Intel is marketing the Xeon W-2200 processors to data scientists, engineers, and visual-effect artists who need a powerful chip to perform simulations and renderings. “For example, 3D architectural rendering processes on Autodesk Revit with V-Ray accelerates up to 10 percent faster compared to the previous generation, and up to two times faster compared to a three-year-old workstation,” Intel said.
The Xeon W-2200 series starts at four cores and, like the Core X-Series chips, scales up to 18. They now support up to 1TB of DDR4 RAM, and, like the Core i9 chips, can process AI-powered programs up to two times faster than the last generation.
Intel also released some benchmarks for the new Xeon chips, which show incremental performance boosts for 4K video editing and building games using the Unreal Engine when compared to last year’s chip line.
Another (Smaller) Price Cut
For PC desktop builders looking to spend under $500 for a new CPU, Intel has some good news: The chipmaker is slightly reducing prices for some of the company’s 9th Generation Core S-series desktop processors, specifically the ones that have no Intel integrated graphics active on the chip.
The Core S-series can be a little confusing, because some of the chips carry an “F” suffix, which indicates that they do not include integrated graphics. (For instance, the “Core i9-9900KF” lacks integrated-graphics silicon, whereas the “Core i9-9900K” has it.) Intel debuted these graphics-less processors back, which are meant to used with a dedicated graphics card, in January at a time when the company was facing a chip shortage. However, the Core S-series was originally launched with the same pricing as the standard Core processors, which had built-in integrated graphics. As a result, observers wondered why should anyone pay the same amount for a product missing a notable feature.
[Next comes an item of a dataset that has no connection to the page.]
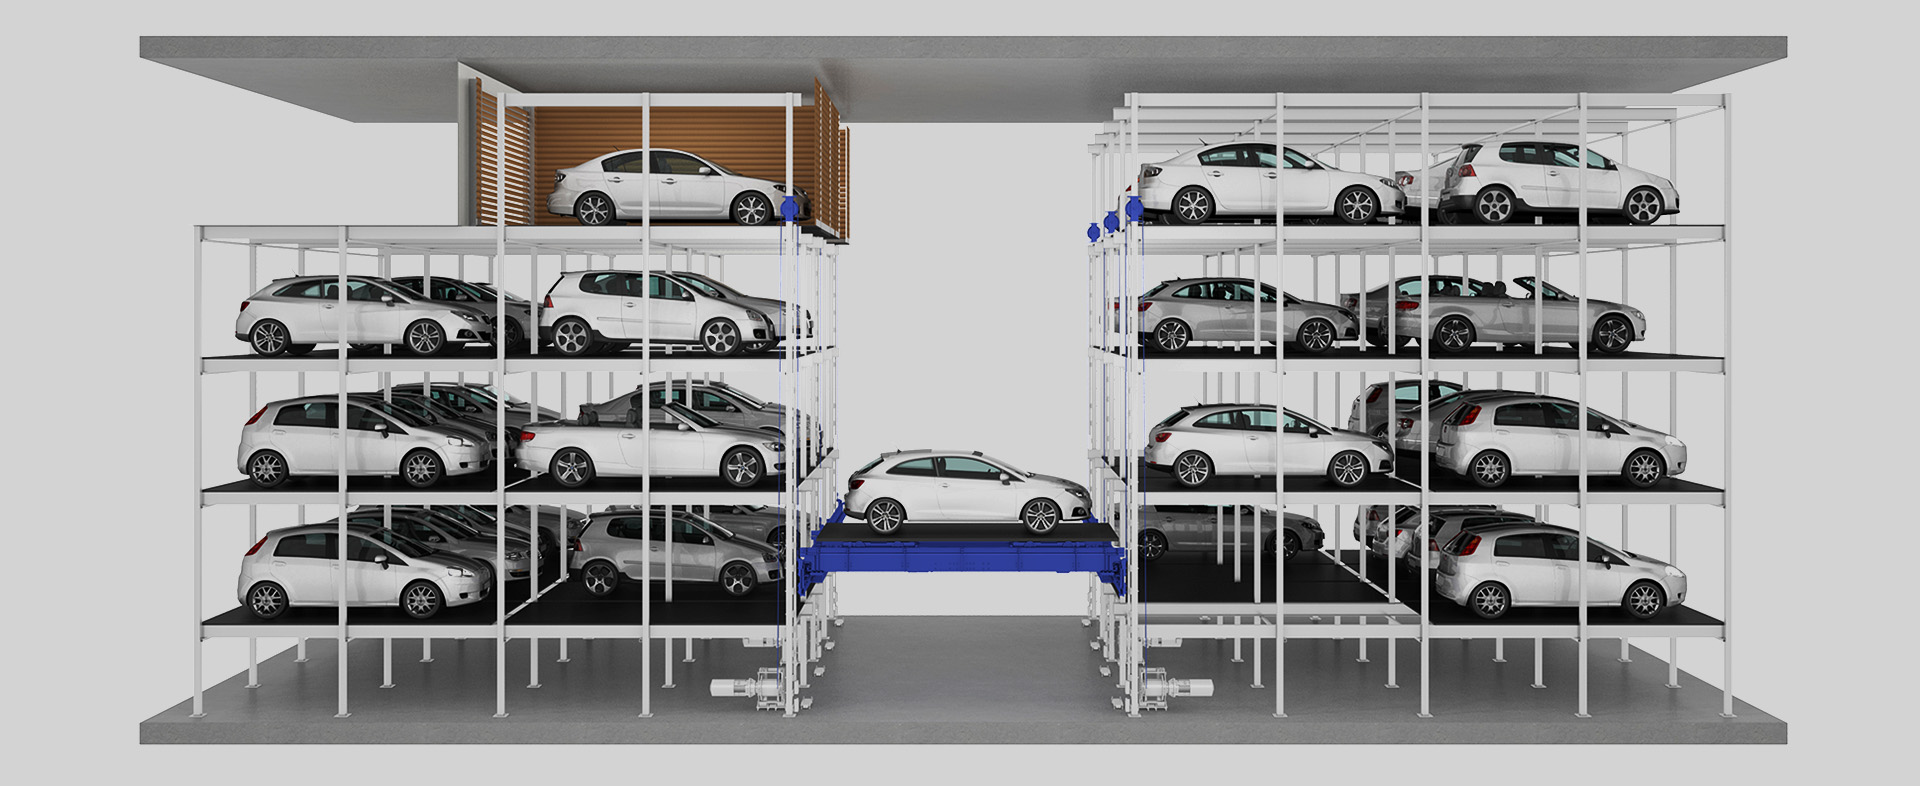 Car Parking Solution | Swiftbd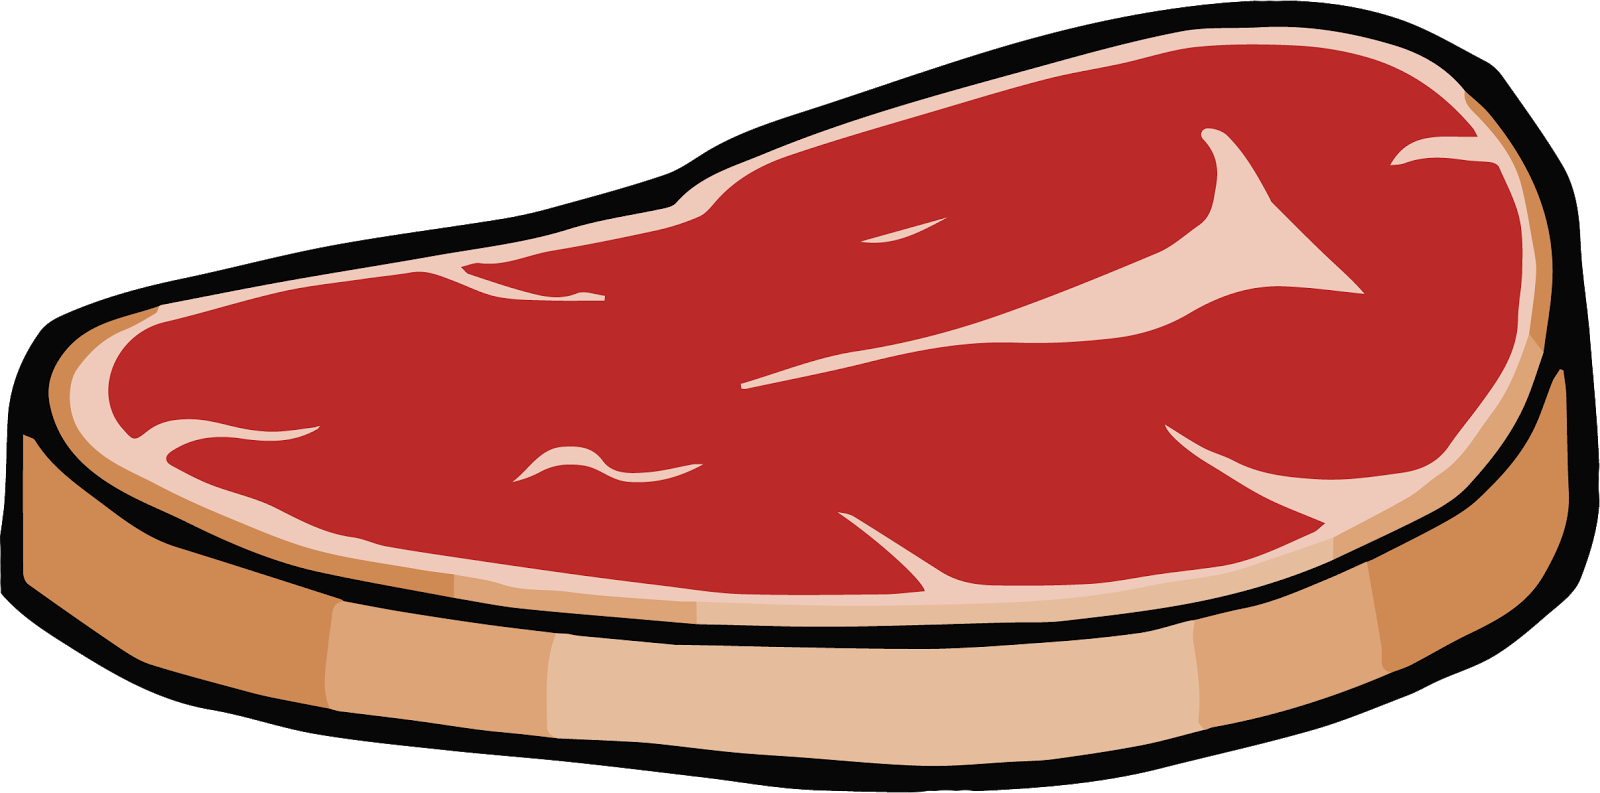 Free Cartoon Steak Cliparts, Download Free Cartoon Steak Cliparts png

Intel is now trying to differentiate the “F” versions of these CPUs with a price tweak, although it’s nothing as dramatic as the generation-to-generation price drops on the Core i9 Cascade Lake-X chips. You can now expect to pay about $20 to $30 less versus the “F”-less chips with integrated graphics.
The Core S-series will range from $97 to $463, and include Core i3, Core i5, Core i7 and Core i9 variants.